O tratamento de lesões pequenas, como pequenas fraturas, pode ser feito pela aplicação de pastas contendo hidroxiapatita, células e fatores de crescimento ósseo. Grandes lesões, geralmente requerem uma definição precisa da área danificada por tomografia computadorizada. As imagens 3D da tomografia servem de protótipo para a construção de estruturas porosas artificiais que servirão como suporte para crescimento celular in vitro, que posteriormente serão implantadas in vivo. As lesões grandes invariavelmente são de difícil tratamento devido à destruição da organização celular original.

Para o tratamento de câncer, esses implantes podem conter quimioterápicos dispersos na estrutura do substrato. Esses seriam controladamente liberados conforme houvesse a assimilação do substrato durante a osteointegração. O mesmo pode se afirmar dos fatores de crescimento, que devem ser liberados controladamente a partir do substrato para que o estímulo às células seja constante e pelo tempo necessário à consolidação do tecido.

O desafio da osteointegração ainda está no seu começo, porém, já houve grandes avanços. Mais adiante, com o aprofundamento do conhecimento da bioquímica celular e sua influência na fisiologia dos tecidos, será possível criar as bases para construção de qualquer órgão do corpo humano.

Essas duas terapias têm um objetivo comum, mas os meios para alcançá-lo são diferentes. Com foi citado no último FIQUE POR DENTRO, a terapia gênica está fundamentada na manipulação de genes, mais precisamente, seqüências do DNA, de forma transplantar  seqüências saudáveis para um célula defeituosa por meio de retrovírus. Na terapia celular, o trabalho consiste em substituir tecido ou conjunto de células defeituosas ou danificadas por células sadias.

Mais uma vez, como na terapia gênica, a complexidade se faz presente, porém, relativamente mais simples por não envolver o uso de microorganismos. Há vários detalhes que fazem da terapia celular ao mesmo tempo fascinante e obscura, entre eles:
- obtenção e cultivo de células embrionárias - grande discussão ética em todo mundo, já que o feto é a melhor fonte para obter essas células.
- cultivo de células 2D vs cultivo 3D - com exceção da pele, o cultivo 2D tem aplicação in vivo limitada, geralmente, os tecidos são estruturados em forma 3D, por exemplo, o tecido ósseo.
- conhecimento parcial e ainda limitado do mecanismo de diferenciação e proliferação celular in vivo - principalmente, devido à complexidade do ambiente de crescimento celular nos seres vivos.
- como conseqüência do fator anterior, não é possível criar meios de cultivos artificiais que mimetizem os sistemas orgânicos - tenta-se estudar sistemas aproximados, cujos resultados devem ser corroborados com estudos in vivo, o que encarece bastante o processo de pesquisa.
- número limitado de biomateriais que possuem as propriedades de biocompatibilidade e bioabsorção.

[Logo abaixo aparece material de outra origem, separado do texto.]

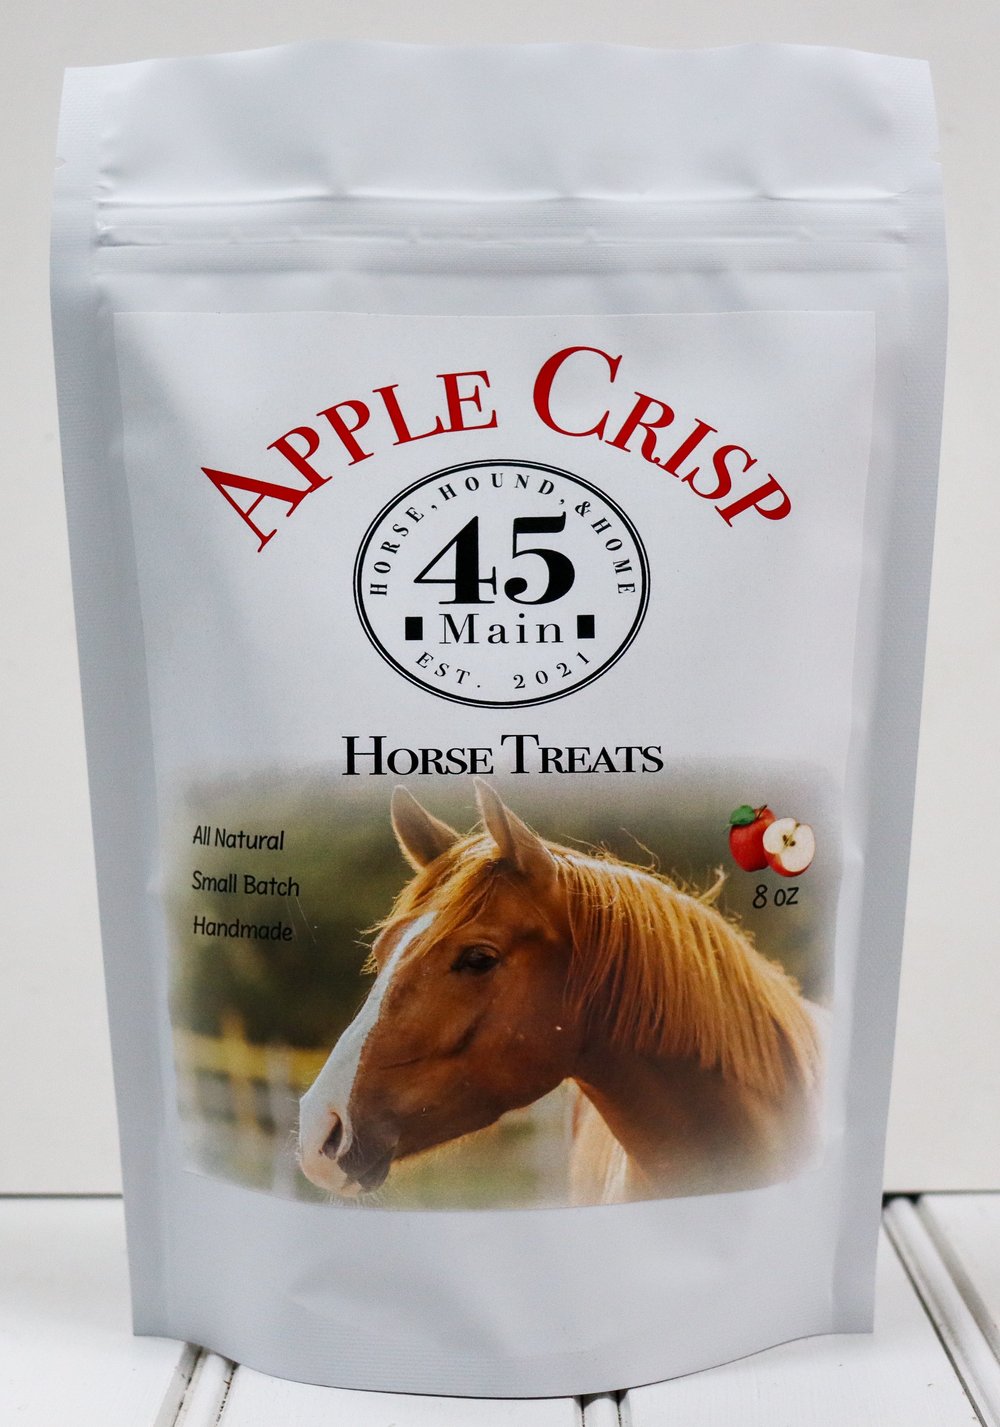 45 Main Apple Crisp Horse Treats

Atualmente, o campo de terapia celular mais avançada é o da osteointegração. O sistema ósseo é um dos tecidos mais importante para a vida de animais vertebrados, principalmente, para a manutenção estrutural do corpo. Portanto, o seu bom funcionamento confere uma qualidade de vida excepcional. Não para menos, esse tecido tem sofrido atenção especial pelos cientistas e vem ganhando importância com o aumento global da população idosa e de lesões causadas por esforço físico em jovéns (cultura do corpo atlético).

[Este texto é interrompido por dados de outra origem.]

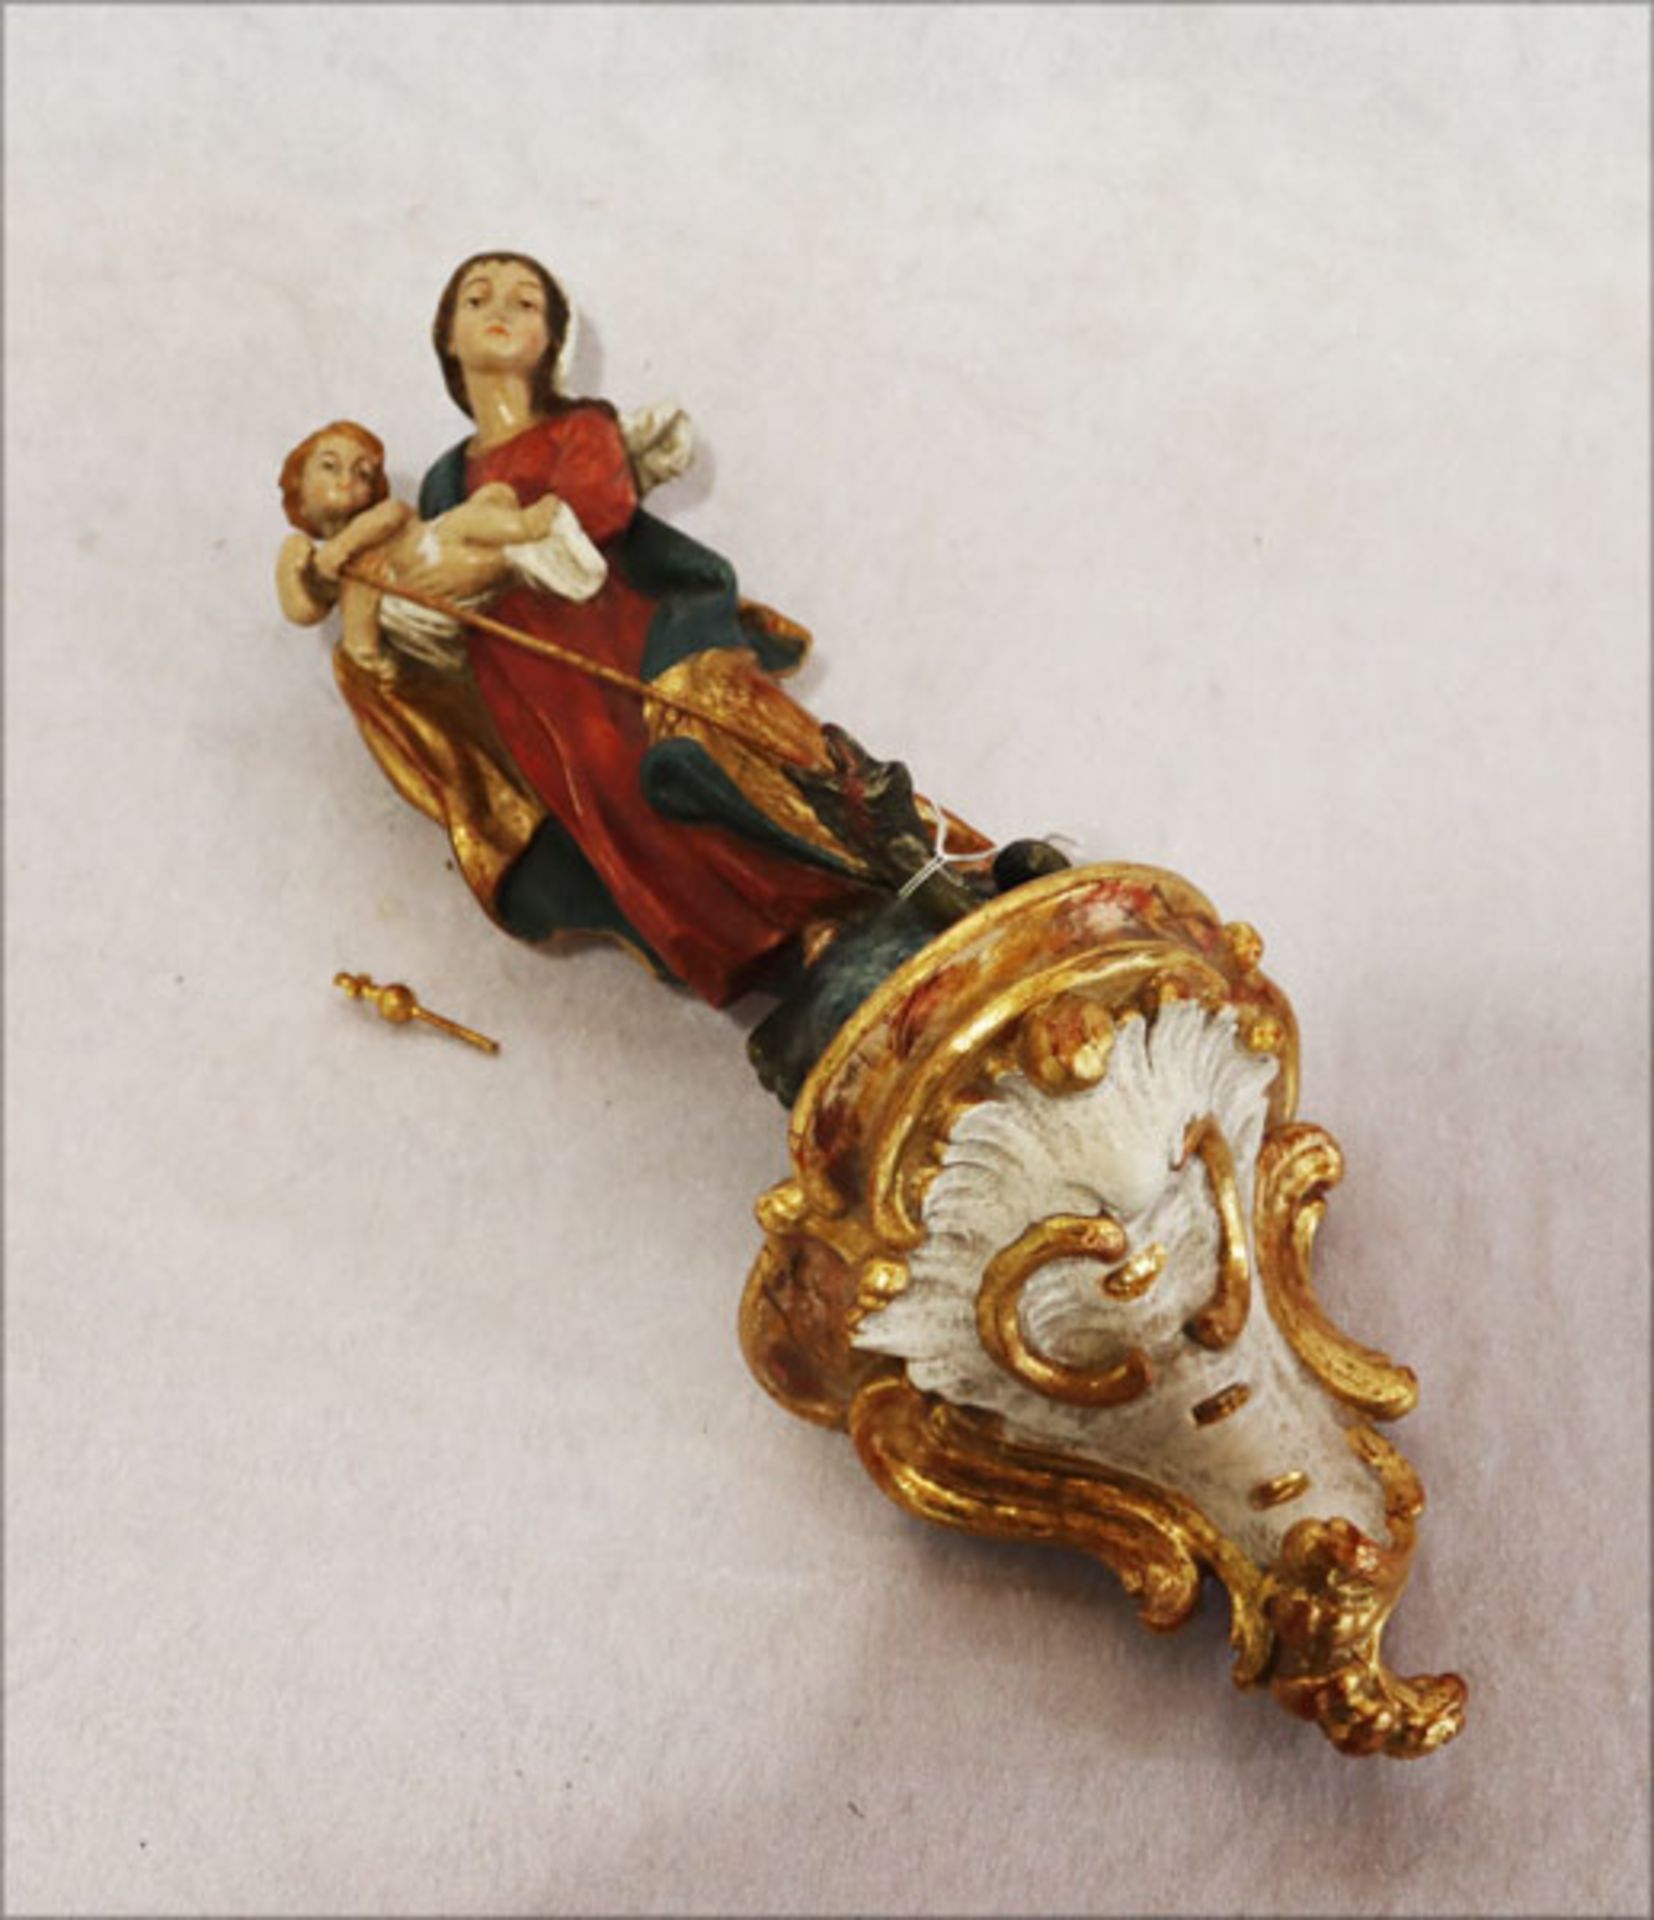 Holzfigur 'Maria Immaculata', farbig gefaßt, auf Wandsockel befestigt, H 39 cm, teils geklebt und

A terapia celular vem sendo apoiada pelo avanço tecnológico dos biomateriais usados em ortopedia. Apesar de ainda não existir um biomaterial ou sistema de crescimento celular completo ou plenamente eficiente, o mercado de ortopedia movimenta mundialmente US$ 20 bilhões, sendo a metade deste valor gasto somente nos Estados Unidos. As exportações e importações dos quatro principais grupos de biomateriais (cimentos para uso dentário ou ósseo, juntas artificiais, dentes artificiais e orgãos artificiais), situam-se em torno de US$ 4,5 bilhões com taxa de crescimento anual superior à 10%, entre 1999-2003, o que indica um mercado mundial em forte expansão.